Flickr, an image storage and sharing platform can serve as a HUGE driver of traffic to your website. I use Flickr to search for images licensed in the Creative Commons, and therefore allowed, under different restrictions, to use the image as long as I source where I obtained the image.
On my personal Flickr account, some of my pictures are licensed to Creative Commons, others are private or restricted. Almost all of them however, are labeled so that they can be found via a Google image search.
I took a bunch of pictures receently and uploaded them to Flickr. This screenshot shows that they are also available for people to use in Creative Commons…
As you can see, they are all titled “Waples Pond, Milton, Delaware” They are also tagged “pond,” “sunset,” “nature,” etc. When I have time, I go back in and re-title similar images so that I cover all the main keywords, e.g., “sunset on Waples Pond,” and “Delaware January sunset.”
A week after posting these images, I searched for “Waples Pond, Delaware” on Google image search. I left off Milton as a term. Already, only six days old, one of my images shows up as the second choice on the first page of the Google imae search!
Others appear lower down. If people clicked further, it would take them to my Flickr site, or anywhere else I might have used it publicly and named it or posted it publicly, such as on social media.
On Flickr, I can take it a step further and use the photo description to drive traffic to my business site (if I had one) an Esty site (if I had one) or other location or website I was trying to promote.
Here is an image taken of a Master Gardener workshop on miniature or fairy gardens. It was specifically labeled so if people were searching for fairy gardens on the Internet (a very popular garden trend last year) they might have come across this picture. I also added “hypertufa” in the image title. Each photo title in the album varies. I could have labeled all 63 photos the same, and I did originally, but I went back in and tweaked several so they were specific, like this hypertufa example. This practice explains the 205 views. This image will appear in a hypertufa only search. In addition, I used the description (which in Flickr is public) to direct viewers to find out more about the Master Gardeners and their programs. With that many images views, why not?
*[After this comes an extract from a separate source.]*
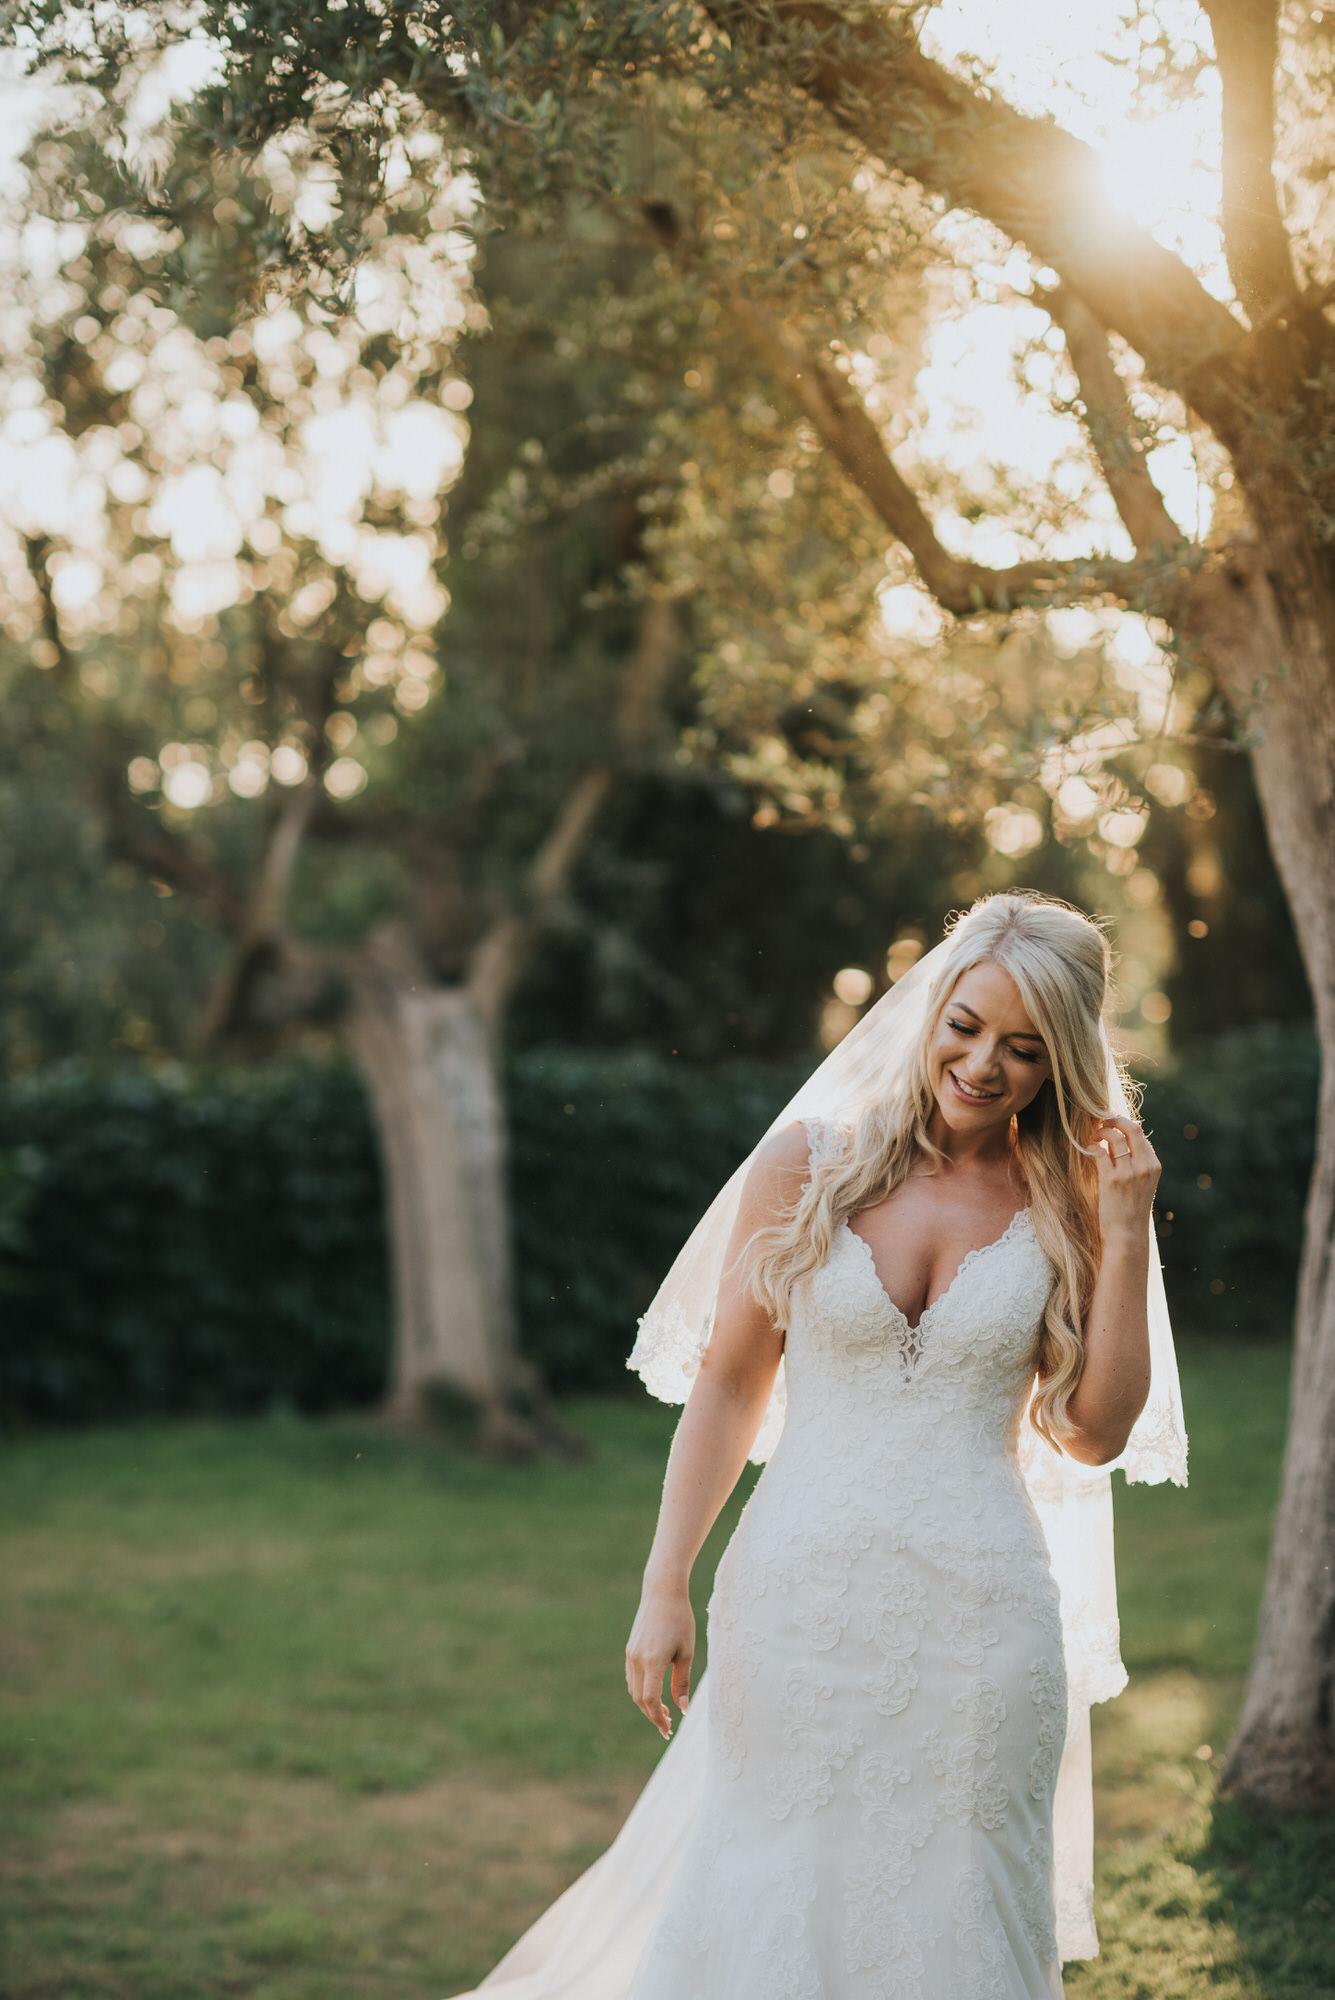 Golden hour bride with veil

The lesson. Name your pictures thoroughly if you wish to increase your public profile or drive traffic to a particular website.My website on Chinese cartoons drawn by Thomas Nast, a cartoonist from the 19th century has received 56,000 visits in just over one year. It is not exactly a hot topic. Or so I thought. But every image iI uploaded is fully titled with the cartoon date name. Most are fully captioned and described. As a result, the cartoons I have posted often trump those of much more established sites. The statistics WordPress provides tells me that thousands of the referrals to my Nast website came from image searches from the main search engines. Once there, statistics show that the people who might have come because of one specific image, look around and visit other pages. I can’t ask for anything better than that. If I had named the images “cartoon 1.” “cartoon 2,” and so on, I have no doubt my statistics today would be significantly smaller.
Think about your topic and your purpose. What terms might your targeted audience, or a potentially new visitor search for? Will your images point them to your website?